The interest rate has not budged from the 0.5% it has been at since March 2009, meaning the rate has not changed a staggering 70 times. The reason the rate is not moving at the moment despite the UK economy being robust enough to absorb a rate rise is that inflation is simply too low. Figures released in December show CPI falling to just 1.0% y/y, which is at the very bottom of the BoE’s 1-3% target range. Wage inflation too has been a slight disappointment at just 1.4%.

UK CPI

The market is betting on a rate rise in 2015, however, Governor Carney is unlikely to increase interest rates at all while inflation is threatening to break out lower of the target range. Thanks to the low inflation, the stimulus will be held in place and that’s something the BoE has been keen to keep for some time now. With a robust GDP growth rate, Services PMI and a strong labour market, the UK economy is sitting pretty.

The only real threat to the UK economy at the moment is if inflation falls to low. That is a real possibility with falling energy prices, however, the recent fall in the Pound is likely to counteract this as imports will become more expensive. Certainly, if inflation falls any lower than the current 1.0%, we may even see some talk from the BoE on ways to raise it.

FISCAL POLICY:

2015 is a big year in the political calendar for the UK because it is an election year. The current government (if re-elected) is looking to balance the budget within 3 years and to reduce public debt as a percentage of national income by 2016-17. The opposition has said it will balance the current budget “as soon as possible within the next parliament”.

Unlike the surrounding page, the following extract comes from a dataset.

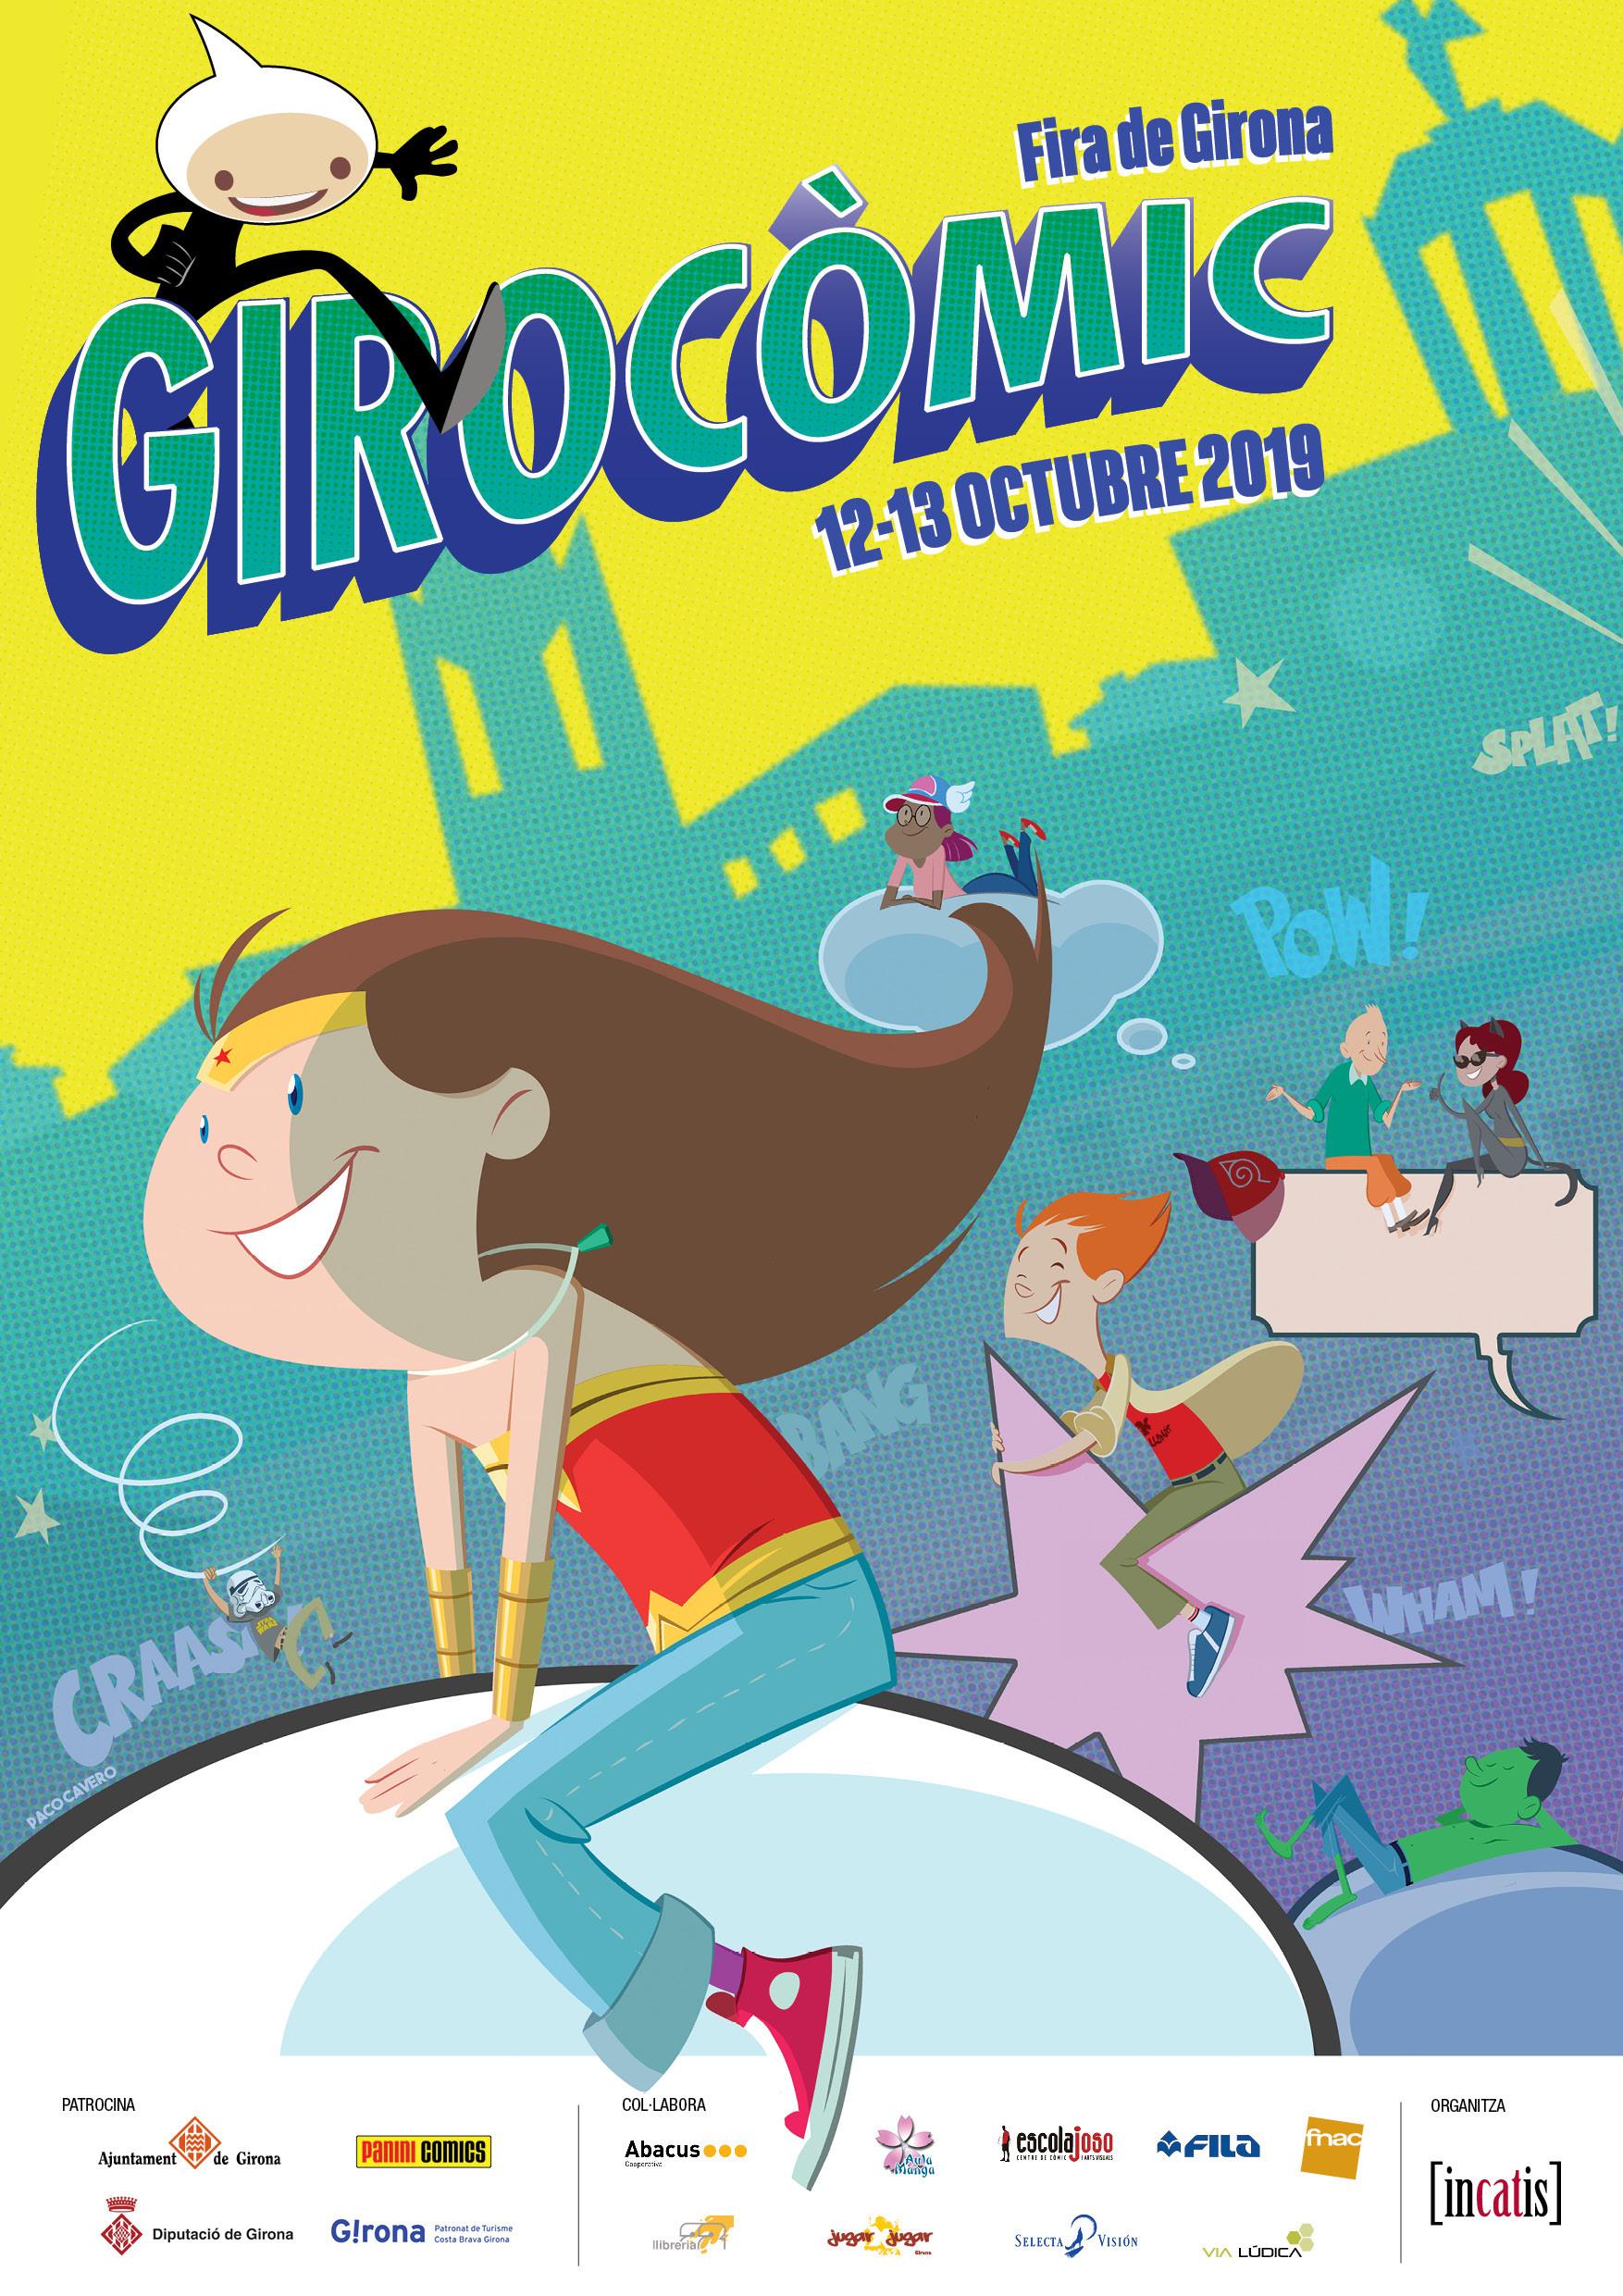 Girocomic 2019

Either way, both parties see the budget deficit as a problem that needs to be addressed. Fiscal responsibility is likely to be a major talking point leading into the election on 7th May 2015. We will see a lot of talk about cutting services and raising taxes, all of which is going to be unpopular in a nation that prides itself on its welfare system.

FX OUTLOOK:

The Pound once again took a beating over the final quarter of 2015 as the prospects of an interest rate rise became ever less likely. With inflation falling to the lower end of the target range, it is becoming more likely that the expected interest rate rise in early to mid-2015 will be pushed back much further. This alone is bearish for the Pound.

The US Federal Reserve on the other hand has made it clear that it intends to begin raising interest rates by mid-2015. The US economy is looking strong and the likelihood of a divergence in monetary policies is becoming more apparent. This will add further bearish pressure to the Cable (GBPUSD).

Despite the positive GDP and employment figures, low inflation is causing the Pound to fall and will likely to be the main driver for some time. The direction of the Pound will be determined by the language the Bank of England employs and that will depend on where inflation goes over the next three months. At this stage, it does not look positive.

EQUITY OUTLOOK:

The FTSE had a very volatile quarter as did many of the world’s equity indices. It pushed up close to the highs seen in the peaks of 1999 and 2007, however, it ended down 1.14% from where it opened the quarter. Trouble in Greece, Russia and commodity markets all had their effect on London’s main index.

The coming quarter could be a bullish one for equities as the likelihood of continually low interest rates will keep equities propped up. Low energy prices will hurt the oil and gas companies, however, the flip side is a benefit for most other companies through lower expenses so the net effect will be positive.